Today, we have basically Australian reviews of Andrea Arnold's
Wuthering Heights:
Positive:
About.com:
Arnold’s realization of Wuthering Heights is a visual delight. Most of that comes from Robbie Ryan, who also shot Fish Tank, and his spacious yet foreboding treatment of the moors and how the upper-class Lintons live. Arnold is adept at capturing the awkwardness of a budding relationship. She’s mastered how to convey the helplessness that makes a tale like Wuthering Heights so hopeful, despite the heartbreaking inevitable end. (John Lichman)
Mediascape (UCLA's Journal of Cinema and Media Studies)
Wuthering Heights is probably the best adaptation you’ll see all year. I’m not saying that because it follows every facet of Brontë’s novel to a T; if that’s what you expect out of an adaptation, you’re probably better off waiting for a three-part film of a 300-page novel (oh wait, that’s The Hobbit.). Rather, it’s a fully cinematic evocation, one that runs so deep you’re likely to forget it was a book in the first place. Eschewing all literary pretenses so tantamount to most films adapted from esteemed novels—for instance, voiceover narration and static, lush cinematography—this Wuthering Heights is muted, subjective, and painful. (James Gilmore)

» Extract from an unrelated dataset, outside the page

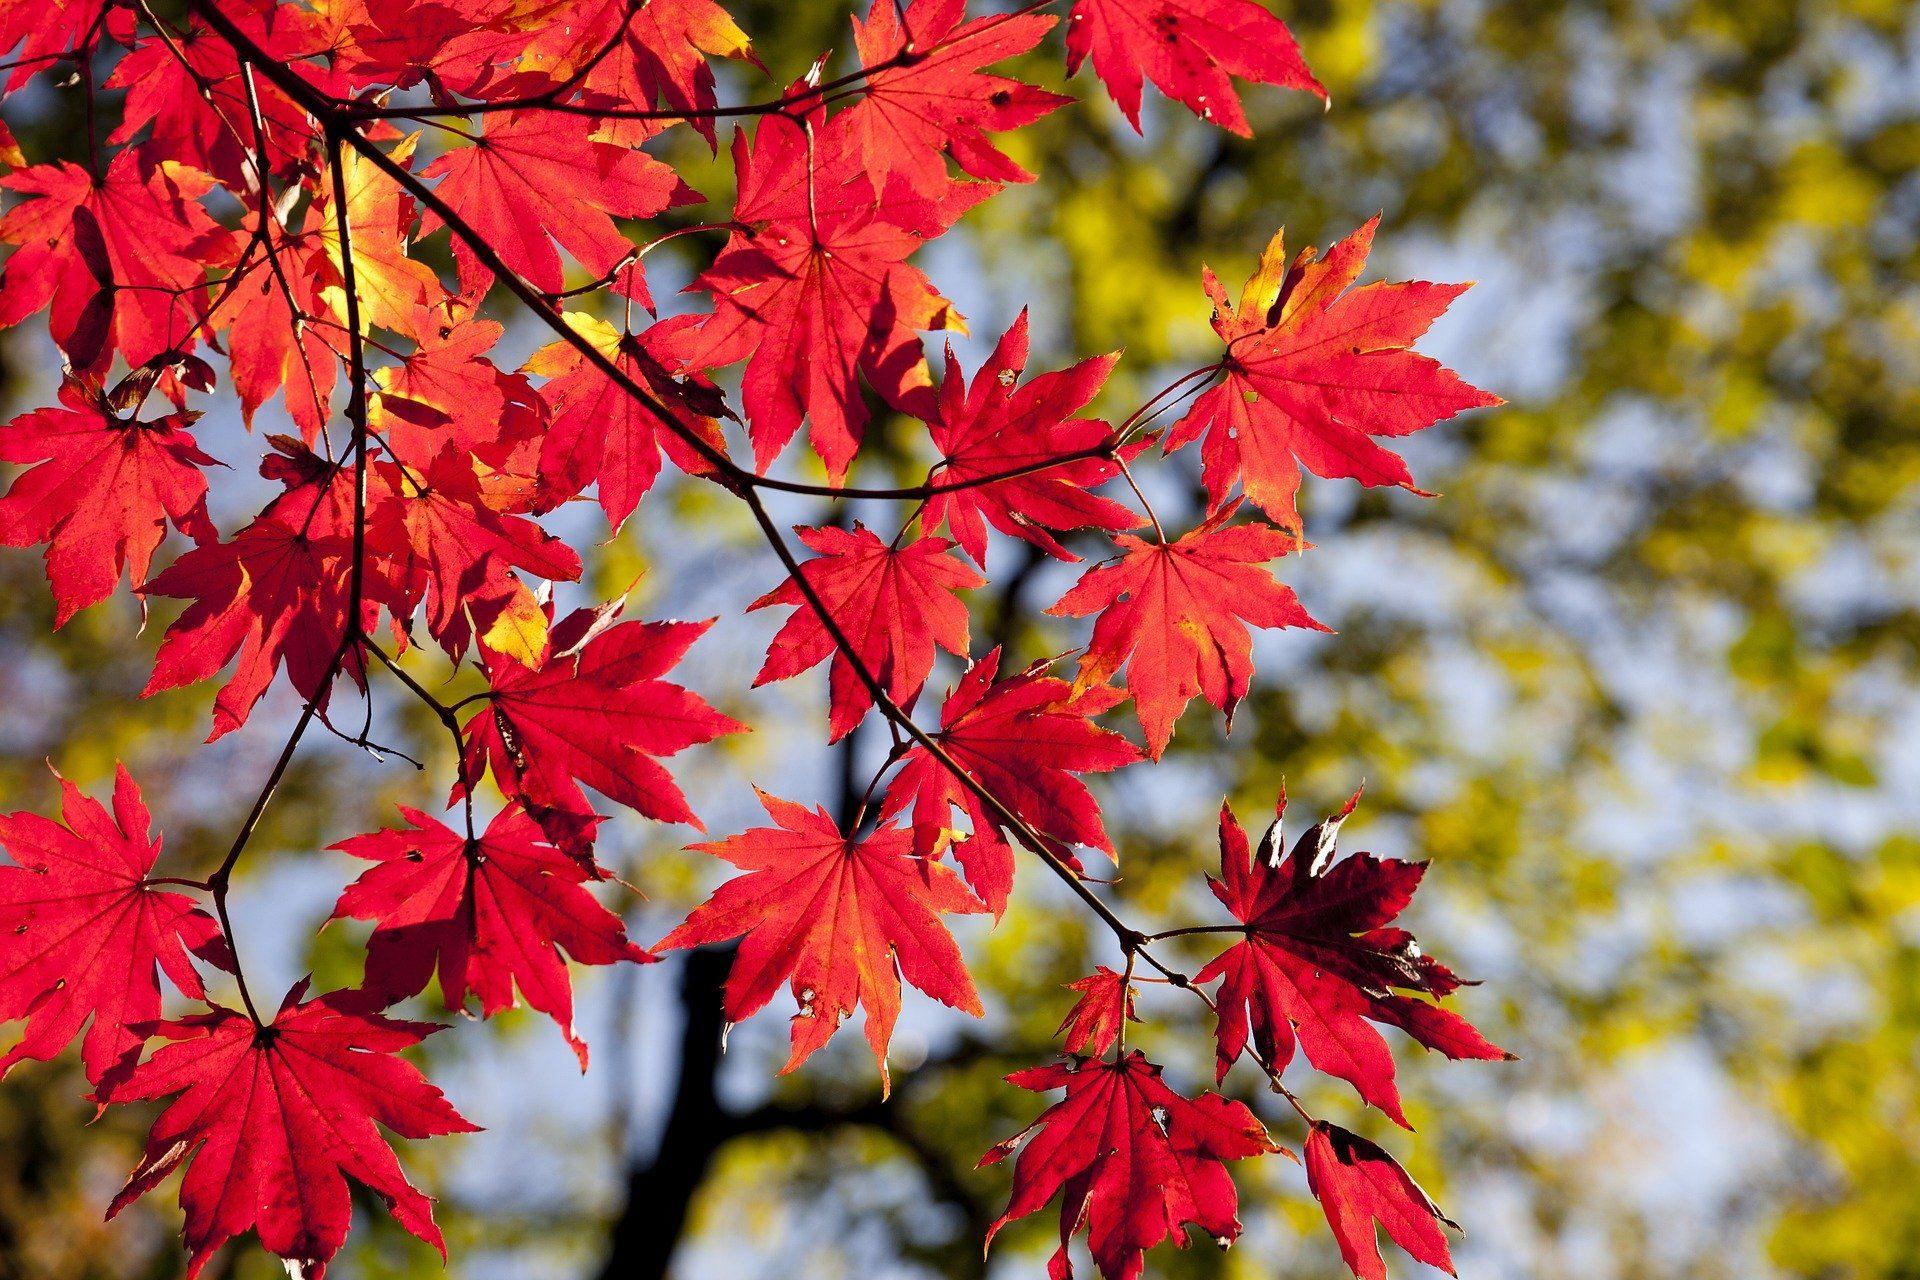 autumn-leaves-2789234_1920
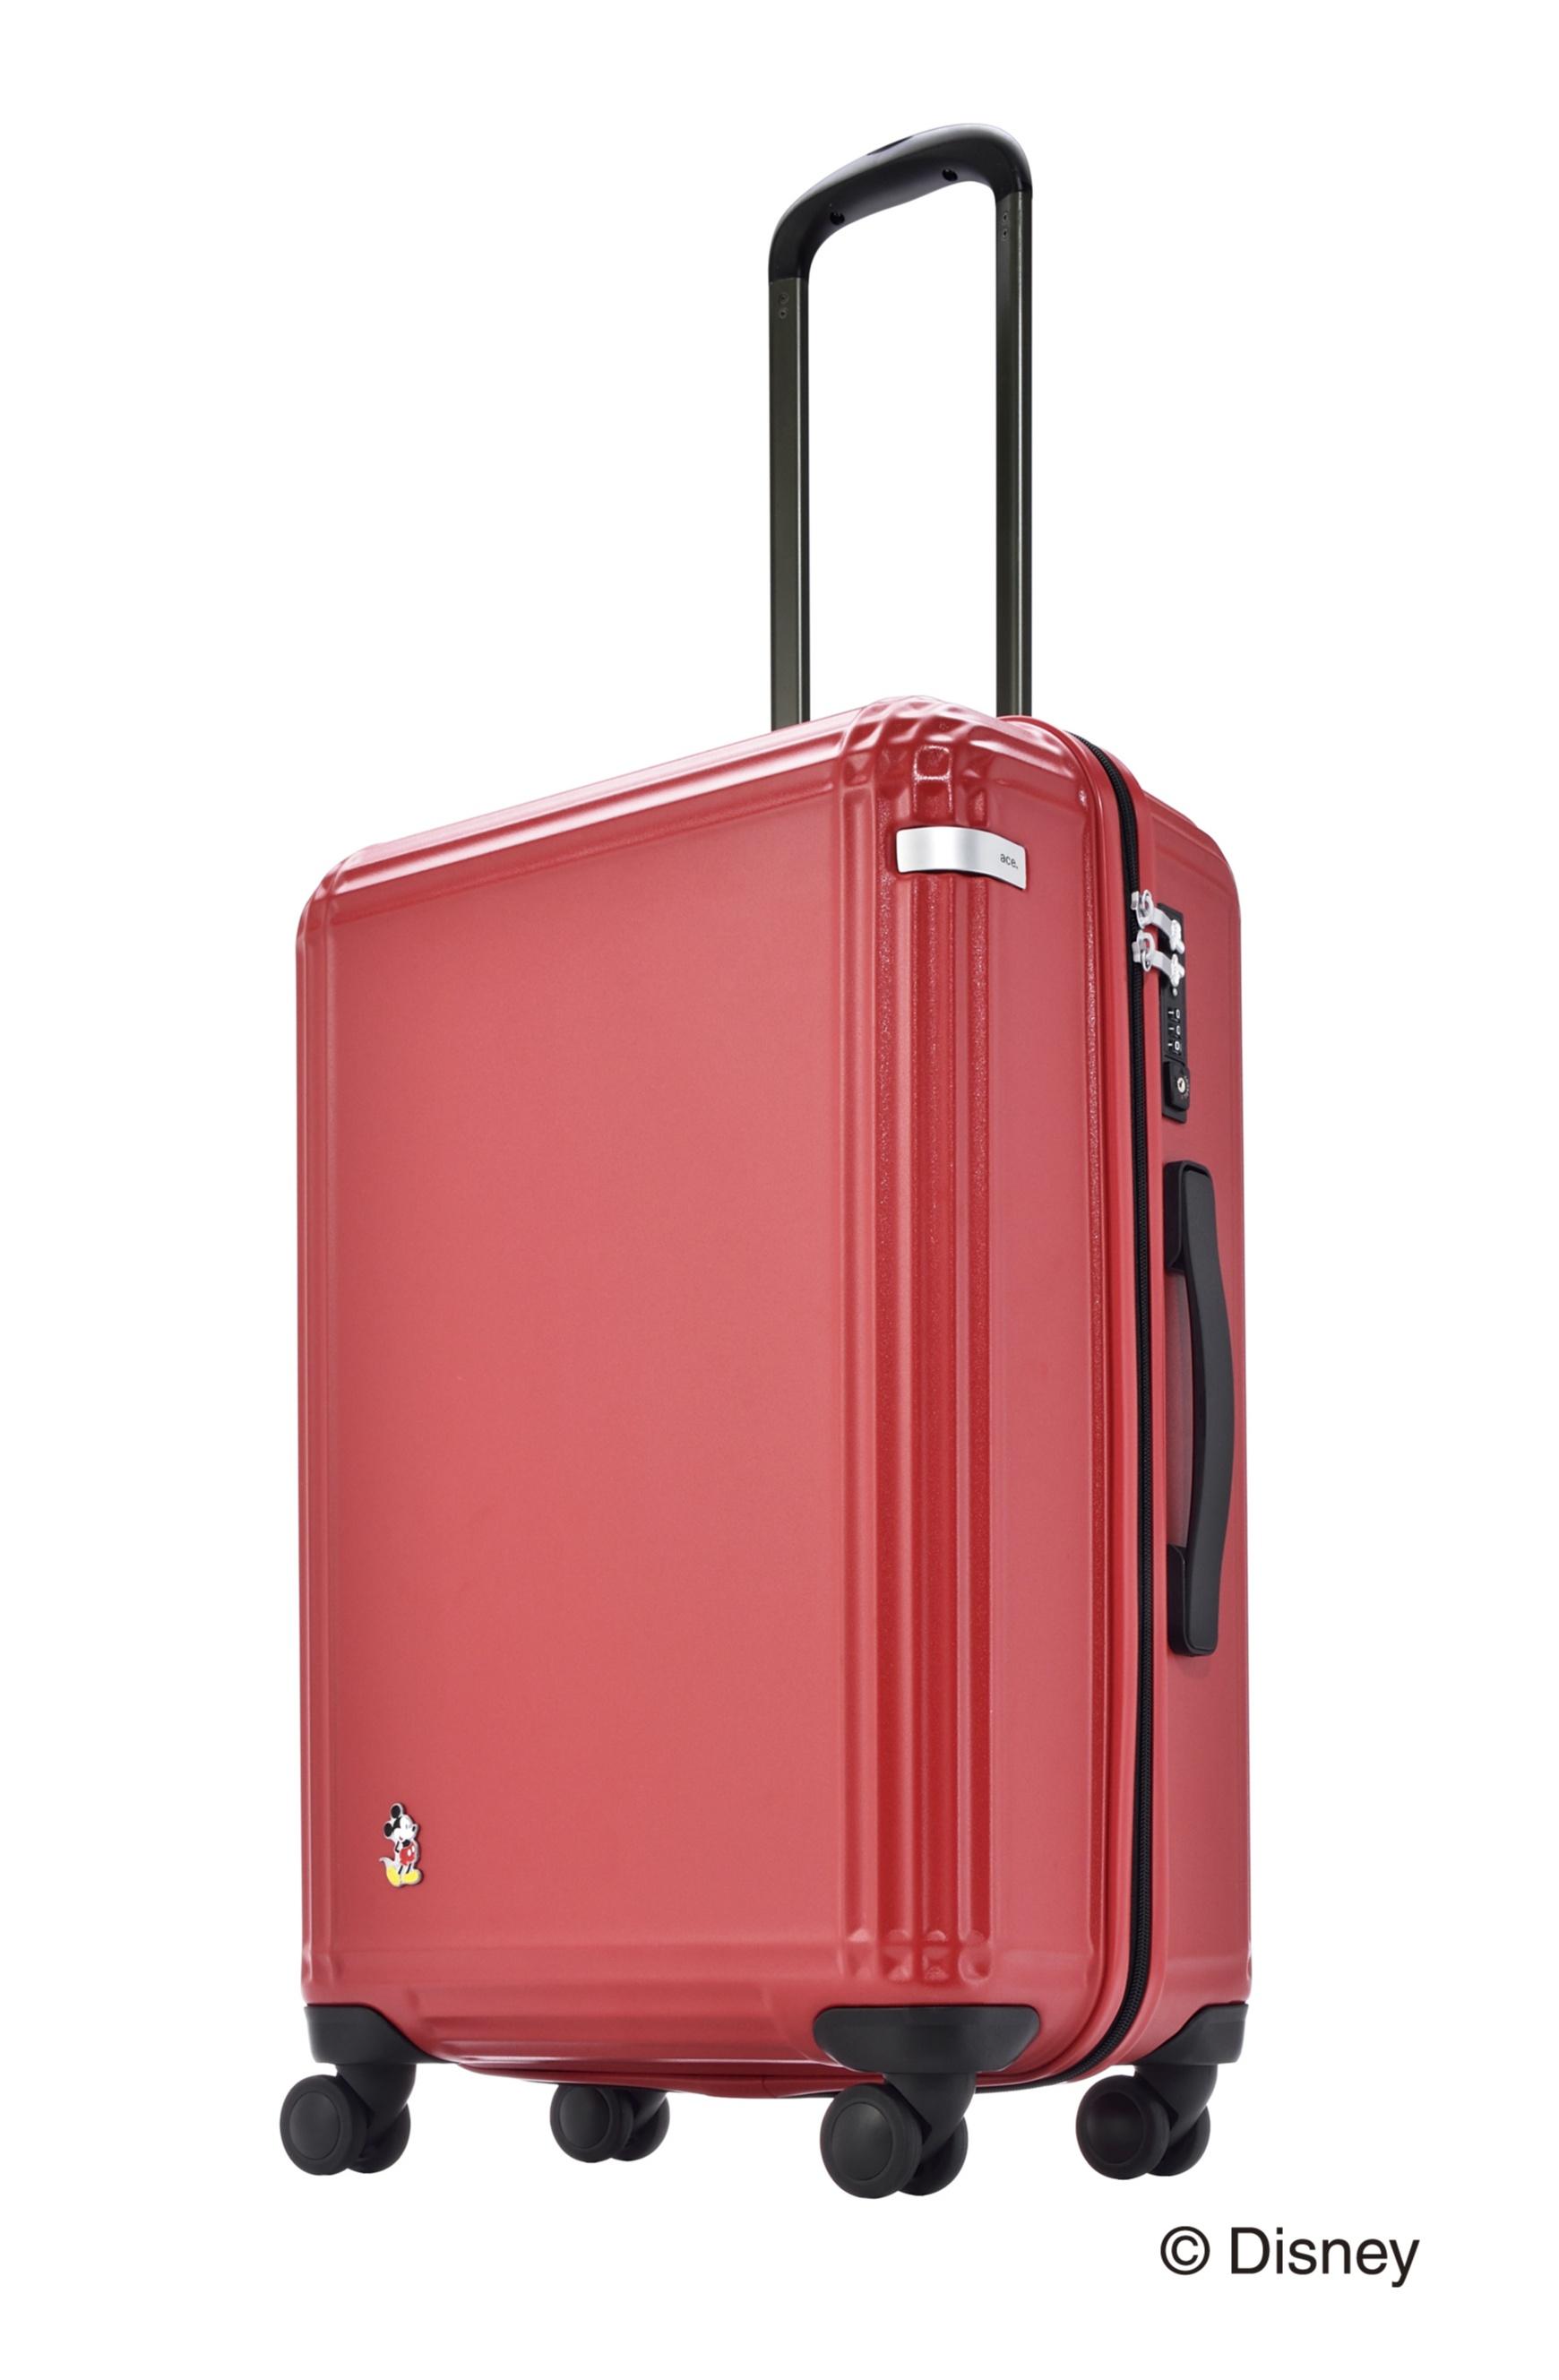 GWの旅行はミッキーマウスを連れて行こう♡ 細部までかわいいスーツケース発売中!_1

There’s something nearly juvenile about the story’s streamlining, but by grounding its first half in the burgeoning passions of youth and keeping the characters so young, it works. Maybe the mythic-ness is why the story gets by without having enough emotion. They were too young to articulate their feelings, but once they’re grown up all it takes is one look. There’s a moment, I think during Heathcliff’s first trip to the Linton house, when he arrives and Catherine looks up and sees him and is unable to control the smile that spreads across her face. There. That’s the movie. (J.M. Olejarz)
Mostly Positive:
Sydney Morning Herald:
English director Andrea Arnold's Wuthering Heights is an incompletely wonderful film: the first half feels like an uncomfortable revelation, an enveloping, risky, deeply atmospheric new vision of a classic. It's a vividly intense perception of the work she is adapting, a powerful evocation of the lives and conditions of its characters.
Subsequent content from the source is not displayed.